Hi if you haven't already joined fiesta yarns you should check them out.
You have to give your email address, but you get a free pattern link in your inbox every Thursday, some of them are really nice. You also get emails on yarn discounts. No spam that I'm aware of I'm with them for a few weeks.
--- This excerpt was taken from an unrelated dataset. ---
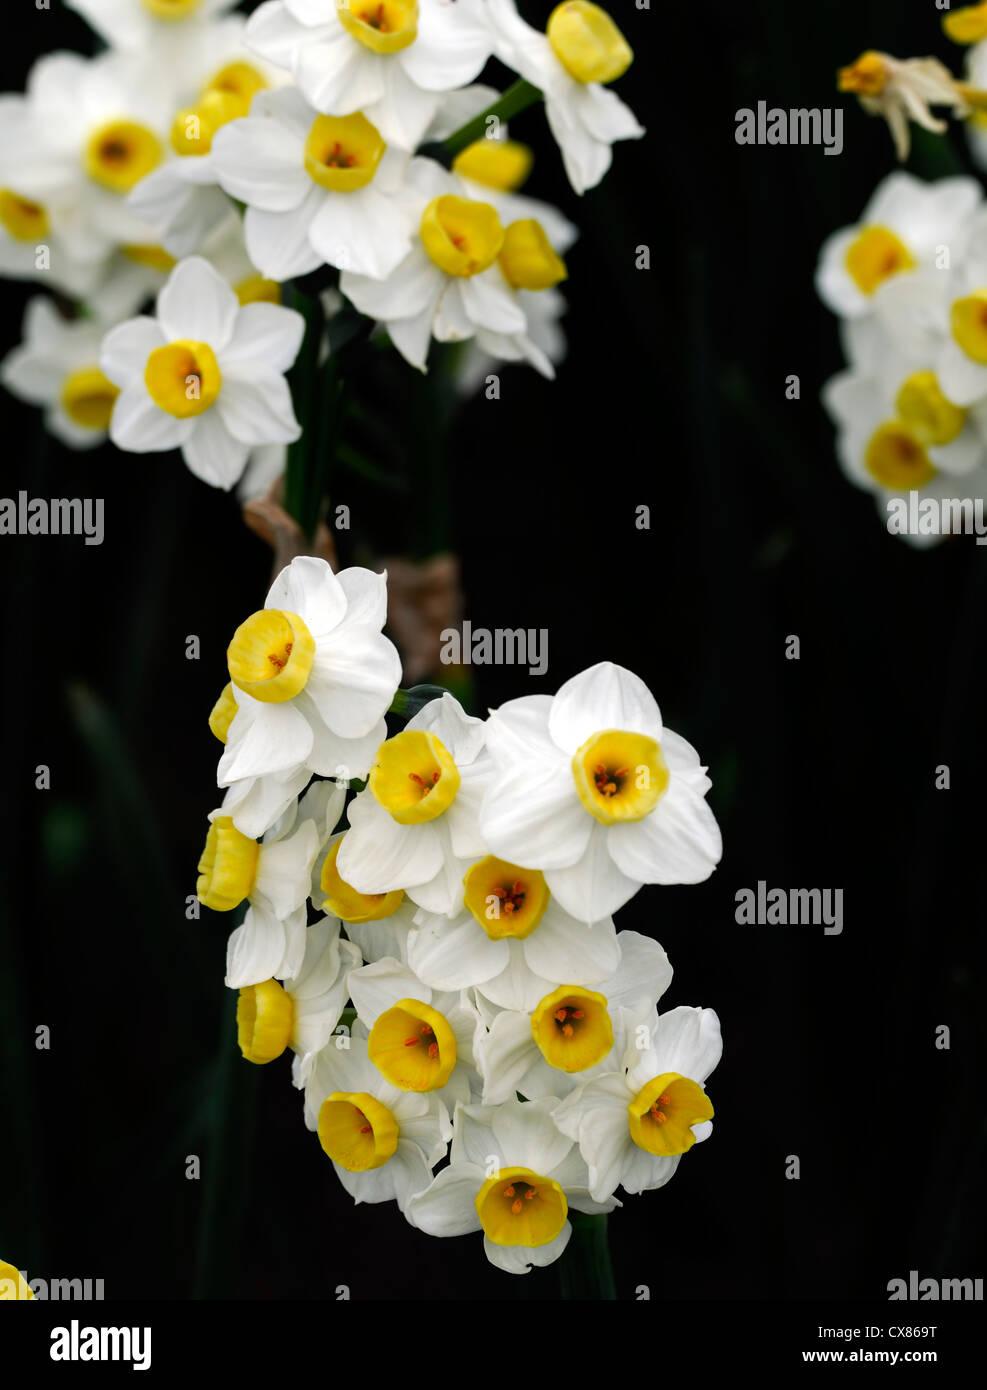 Daffodil Geranium Stock Photos Daffodil Geranium Stock Images Alamy

http://www.fiestayarns.com/


----------



## patocenizo (Jun 24, 2011)

Thanks,


----------



## dwr (Jun 16, 2011)

Thanks, Madjesty. Looks like a cool website. I'll have to look through it later today.


----------



## sheila kay (Jan 2, 2013)

thanks for the link, off to have a look now

Sheila


----------



## 3mom (Apr 20, 2011)

http://www.fiestayarns.com/


----------



## 3mom (Apr 20, 2011)

http://www.fiestayarns.com/


----------



## jinx (Feb 12, 2011)

Thanks you for the link. I signed up. I love free patterns. Don't we all? BTW Leisure Arts has free patterns on Friday. This is the pattern I would love to buy. However, it is a bit pricey for me. I will have to think more about it. 
http://fiestayarns.com/store/items/view/1797/la_boheme_cape/
http://www.leisurearts.com/newsletters/


----------



## Madjesty (Jul 26, 2012)

jinx said:


> Thanks you for the link. I signed up. I love free patterns. Don't we all? BTW Leisure Arts has free patterns on Friday. This is the pattern I would love to buy. However, it is a bit pricey for me. I will have to think more about it.
> http://fiestayarns.com/store/items/view/1797/la_boheme_cape/
> http://www.leisurearts.com/newsletters/


Thanks for the link I'm signing up with them too, I love getting the surprise of a free pattern. I know there are thousands of them online too but this is fun.


----------



## Madjesty (Jul 26, 2012)

3mom said:


> http://www.fiestayarns.com/


Thanks for putting up the link I did it incorrectly


----------



## cindylou37 (Aug 10, 2012)

Awesome, thank you...my hubby teases me about how many patterns I've printed out. I told him I'll find time to make them all when I'm old and gray!


----------



## vayankee (May 5, 2011)

Thanks for the link - I just _had_ to sign up, lol!


----------



## SarahRussell (Jun 14, 2011)

I signed up too. Thanks!


----------



## Bonidale (Mar 26, 2011)

Thanks for that link!


----------



## tammyc77 (Apr 7, 2012)

Nice - thank you!


----------



## MacRae (Dec 3, 2011)

Thanks such bright and cheerful colors.


----------



## xenabobb (Sep 6, 2011)

Thank you! I have signed up.


----------



## hoodedmaiden60 (Mar 16, 2011)

Beautifull patterns they have but my comp[uter doesnt like them,, i have a terrible time downloading them... ahh well


Susie


----------



## linda6200 (Oct 11, 2011)

Wow! Thanks for the tip and the link!


----------



## dandylion (May 31, 2011)

Thanks, It looks great.


----------



## Janeb (Sep 18, 2012)

Thank you for the link.i have just signed up.


----------